TASK DETAILS →
Without the pictures, copy all the entries below exactly.

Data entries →
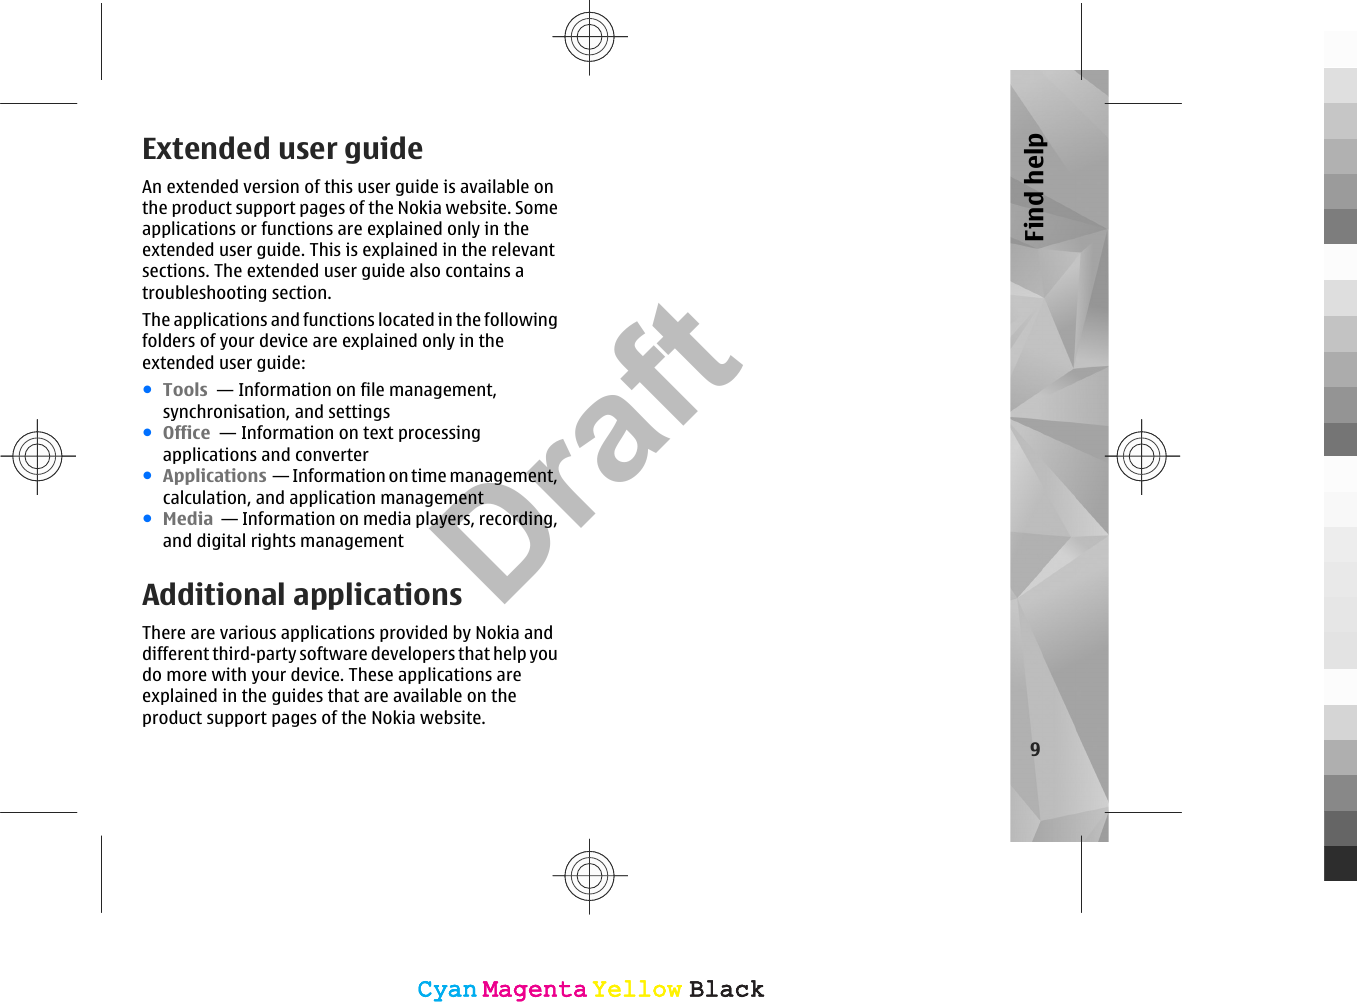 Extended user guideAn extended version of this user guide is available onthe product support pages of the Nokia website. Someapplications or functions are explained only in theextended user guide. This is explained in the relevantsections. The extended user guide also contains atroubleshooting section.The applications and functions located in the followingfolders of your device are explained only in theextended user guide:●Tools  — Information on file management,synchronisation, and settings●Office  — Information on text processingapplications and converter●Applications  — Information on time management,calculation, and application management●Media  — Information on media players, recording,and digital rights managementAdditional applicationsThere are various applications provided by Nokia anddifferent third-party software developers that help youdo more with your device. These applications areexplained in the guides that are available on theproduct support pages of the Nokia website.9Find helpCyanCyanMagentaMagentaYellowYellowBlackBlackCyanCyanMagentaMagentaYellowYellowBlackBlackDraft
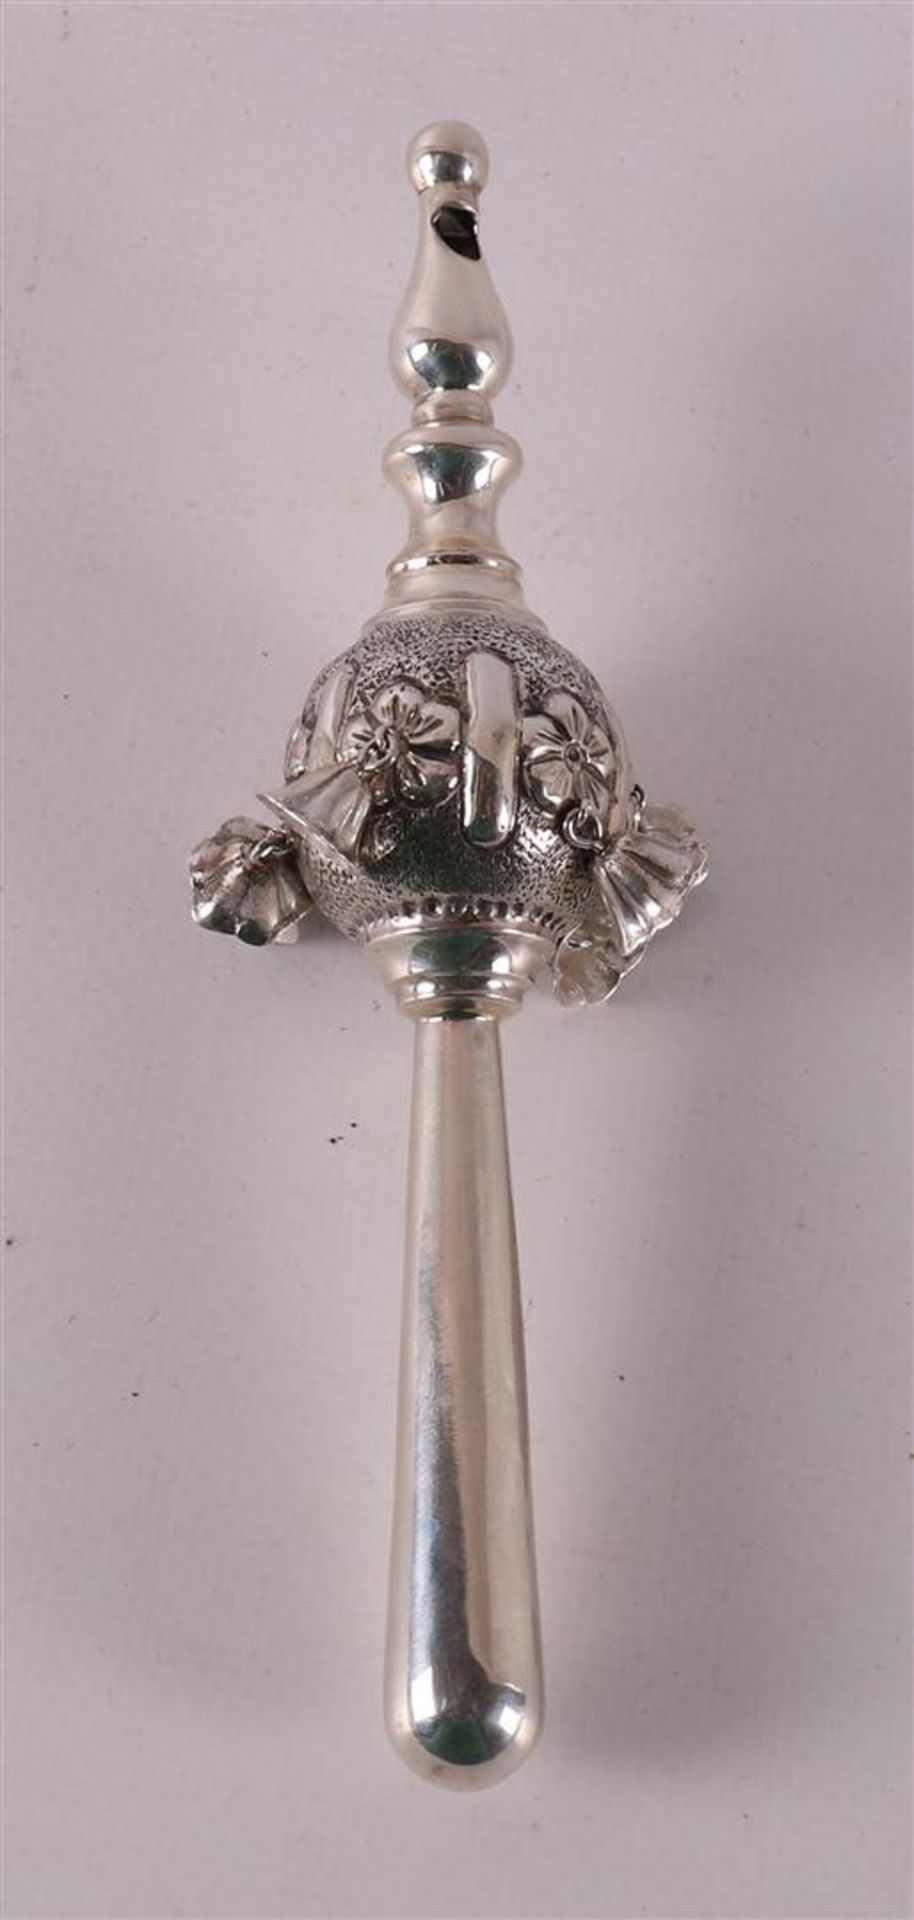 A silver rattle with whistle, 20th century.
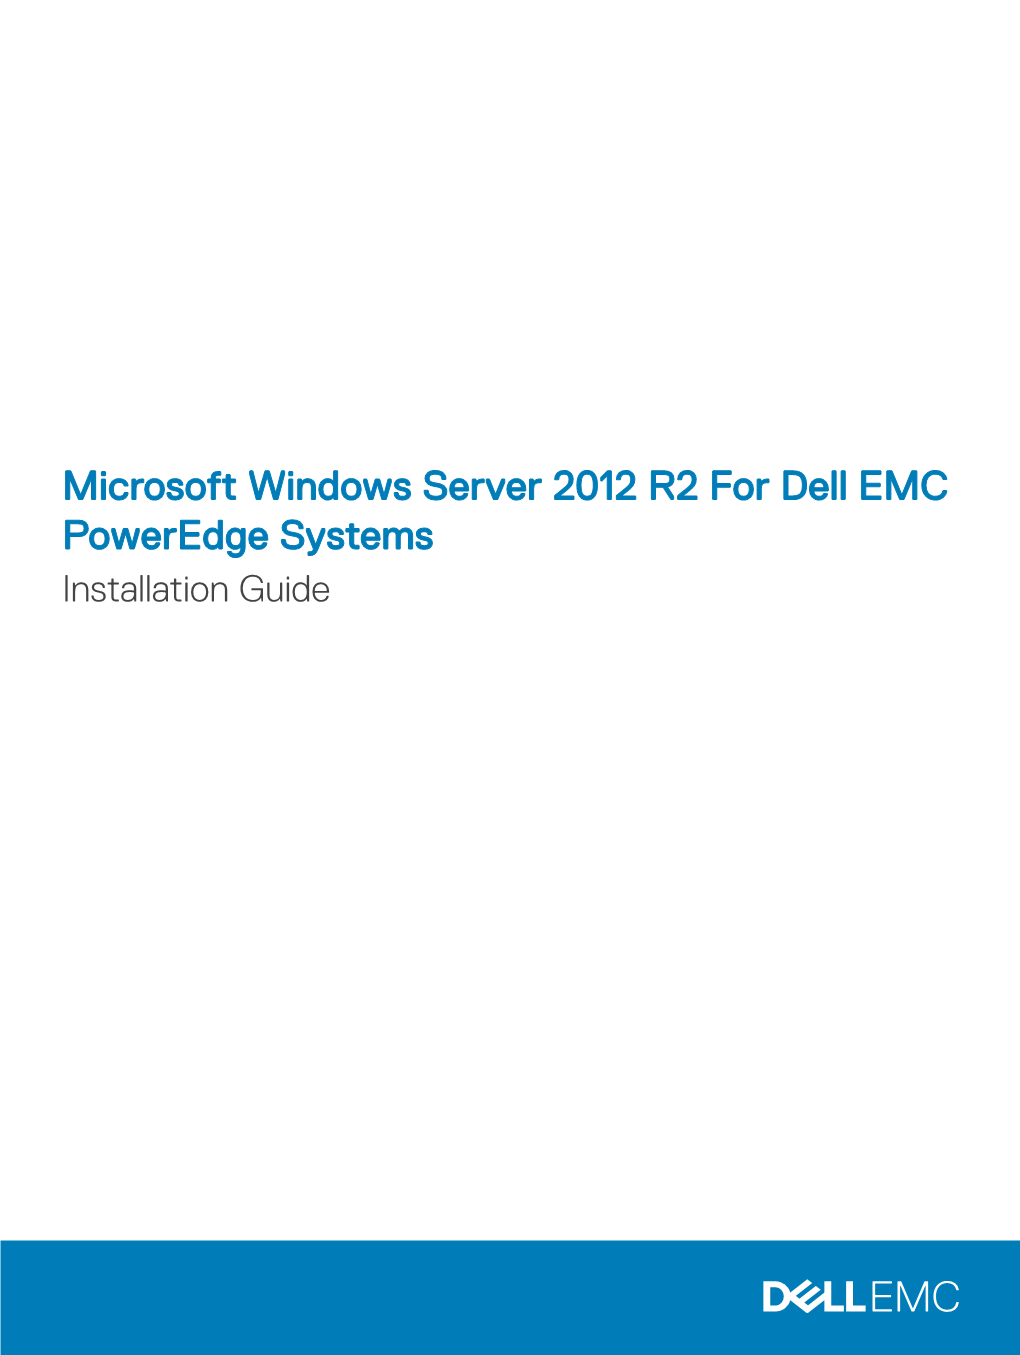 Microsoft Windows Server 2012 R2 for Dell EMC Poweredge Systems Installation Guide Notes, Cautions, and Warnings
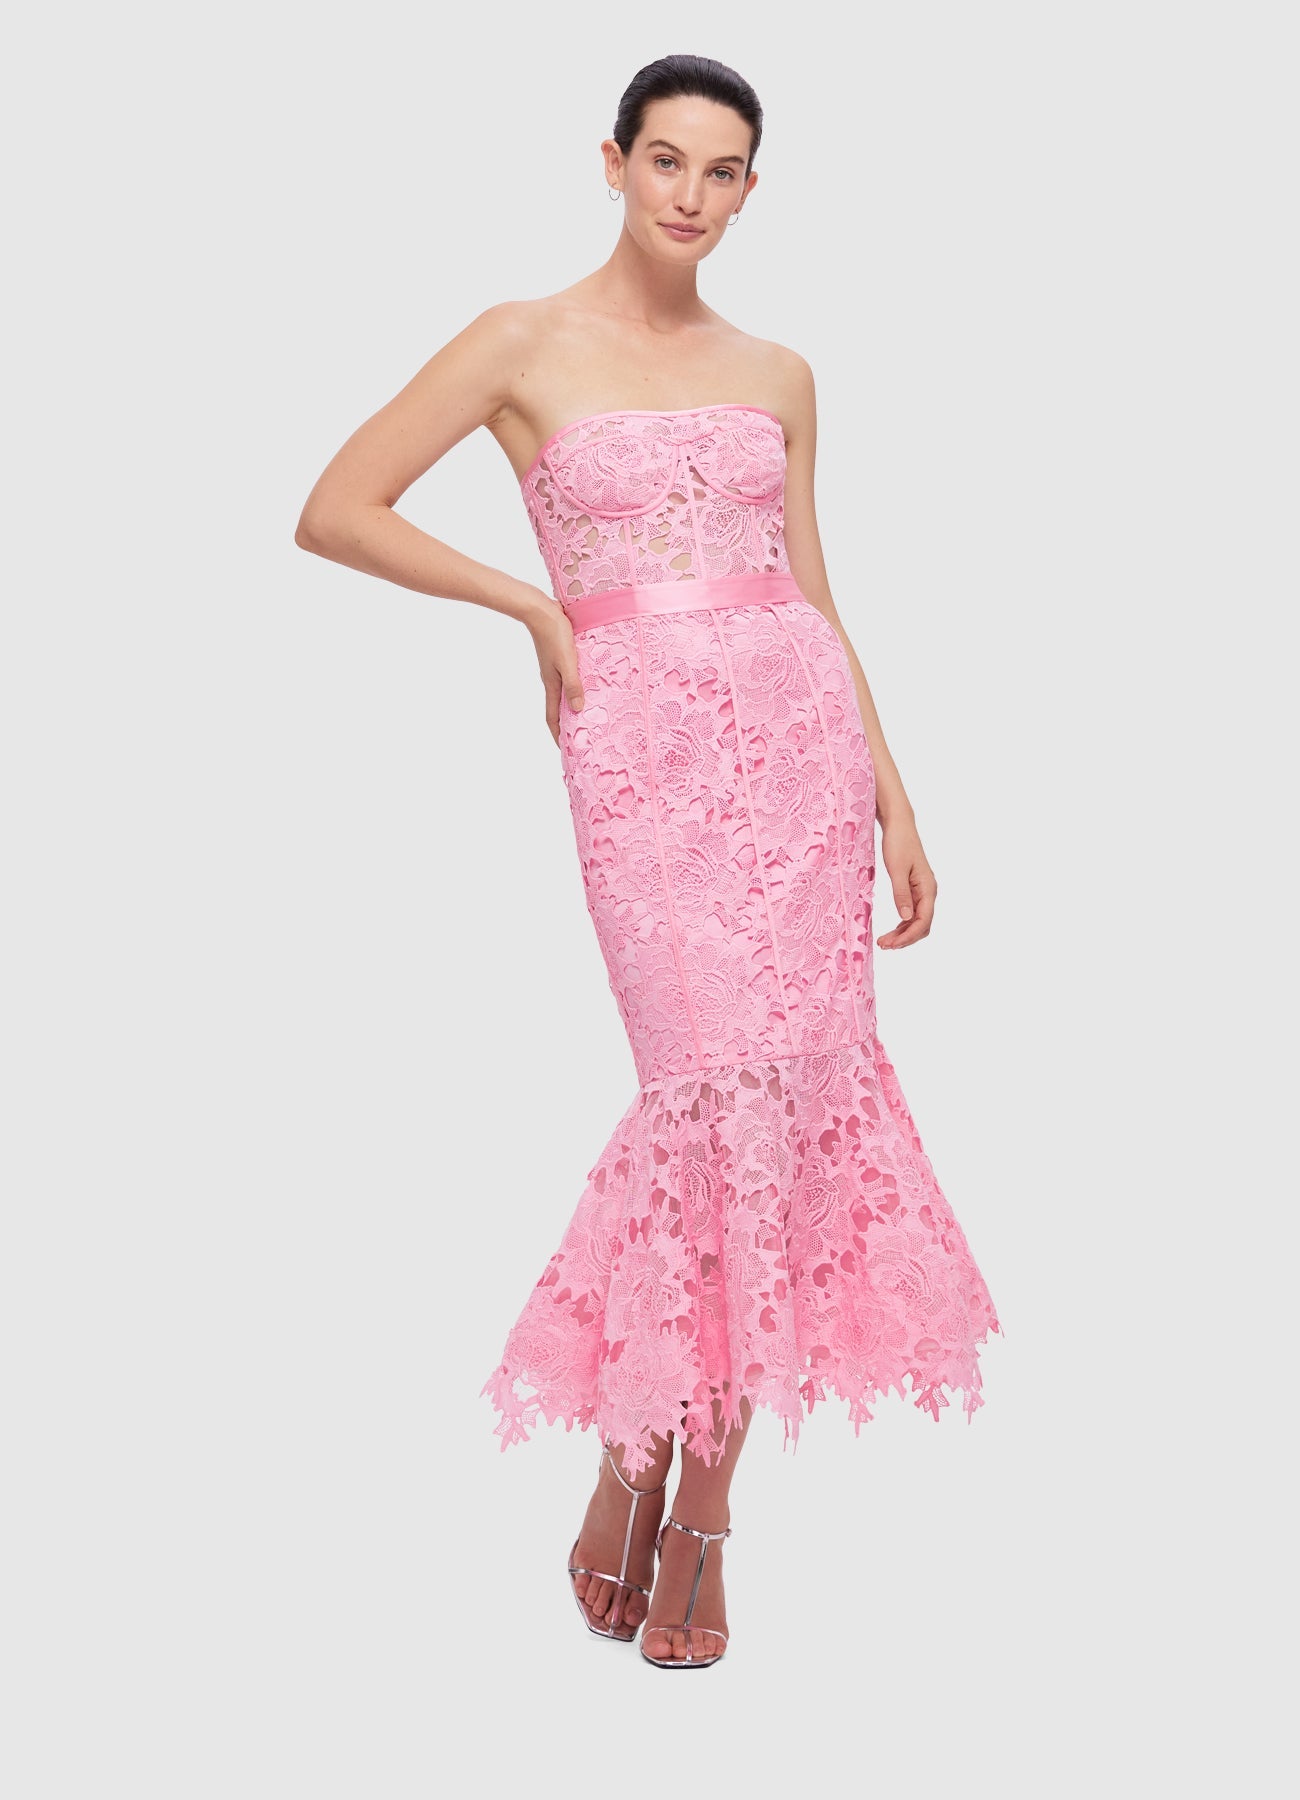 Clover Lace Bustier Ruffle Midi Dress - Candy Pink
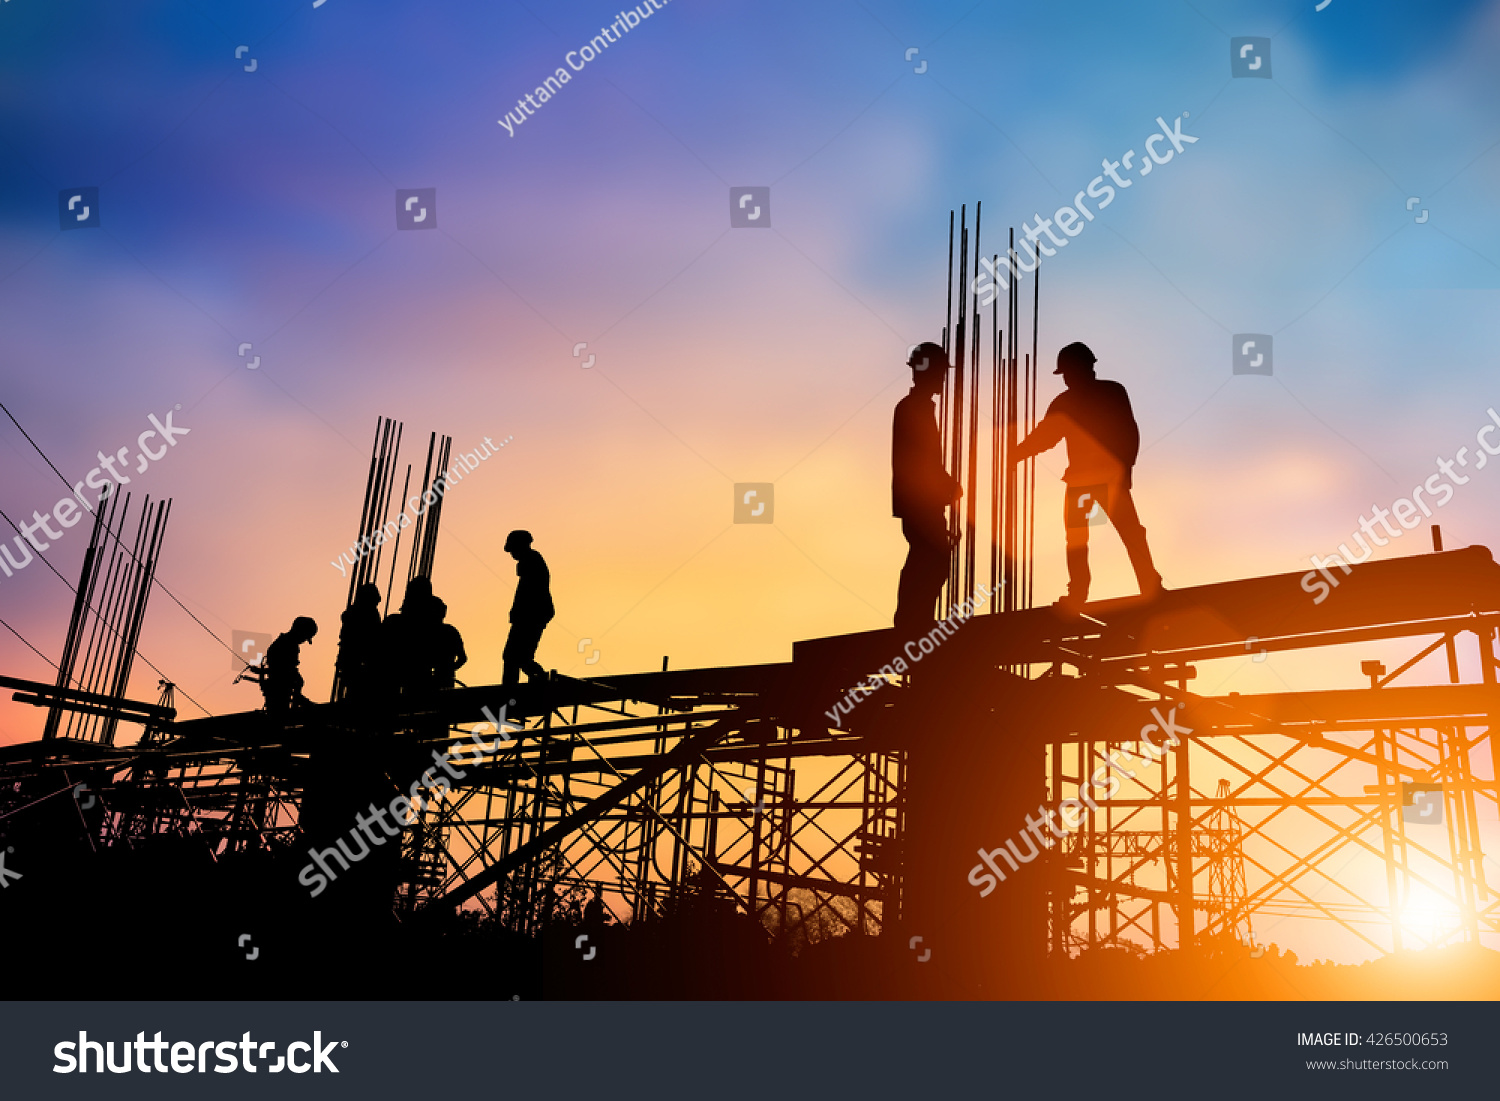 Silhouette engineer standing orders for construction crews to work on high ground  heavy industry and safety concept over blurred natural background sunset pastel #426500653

RESULT OF THIS TASK →
 Extended user guideAn extended version of this user guide is available onthe product support pages of the Nokia website. Someapplications or functions are explained only in theextended user guide. This is explained in the relevantsections. The extended user guide also contains atroubleshooting section.The applications and functions located in the followingfolders of your device are explained only in theextended user guide:●Tools  — Information on file management,synchronisation, and settings●Office  — Information on text processingapplications and converter●Applications  — Information on time management,calculation, and application management●Media  — Information on media players, recording,and digital rights managementAdditional applicationsThere are various applications provided by Nokia anddifferent third-party software developers that help youdo more with your device. These applications areexplained in the guides that are available on theproduct support pages of the Nokia website.9Find helpCyanCyanMagentaMagentaYellowYellowBlackBlackCyanCyanMagentaMagentaYellowYellowBlackBlackDraft
 A silver rattle with whistle, 20th century.
 Microsoft Windows Server 2012 R2 for Dell EMC Poweredge Systems Installation Guide Notes, Cautions, and Warnings
 Clover Lace Bustier Ruffle Midi Dress - Candy Pink
 Silhouette engineer standing orders for construction crews to work on high ground  heavy industry and safety concept over blurred natural background sunset pastel #426500653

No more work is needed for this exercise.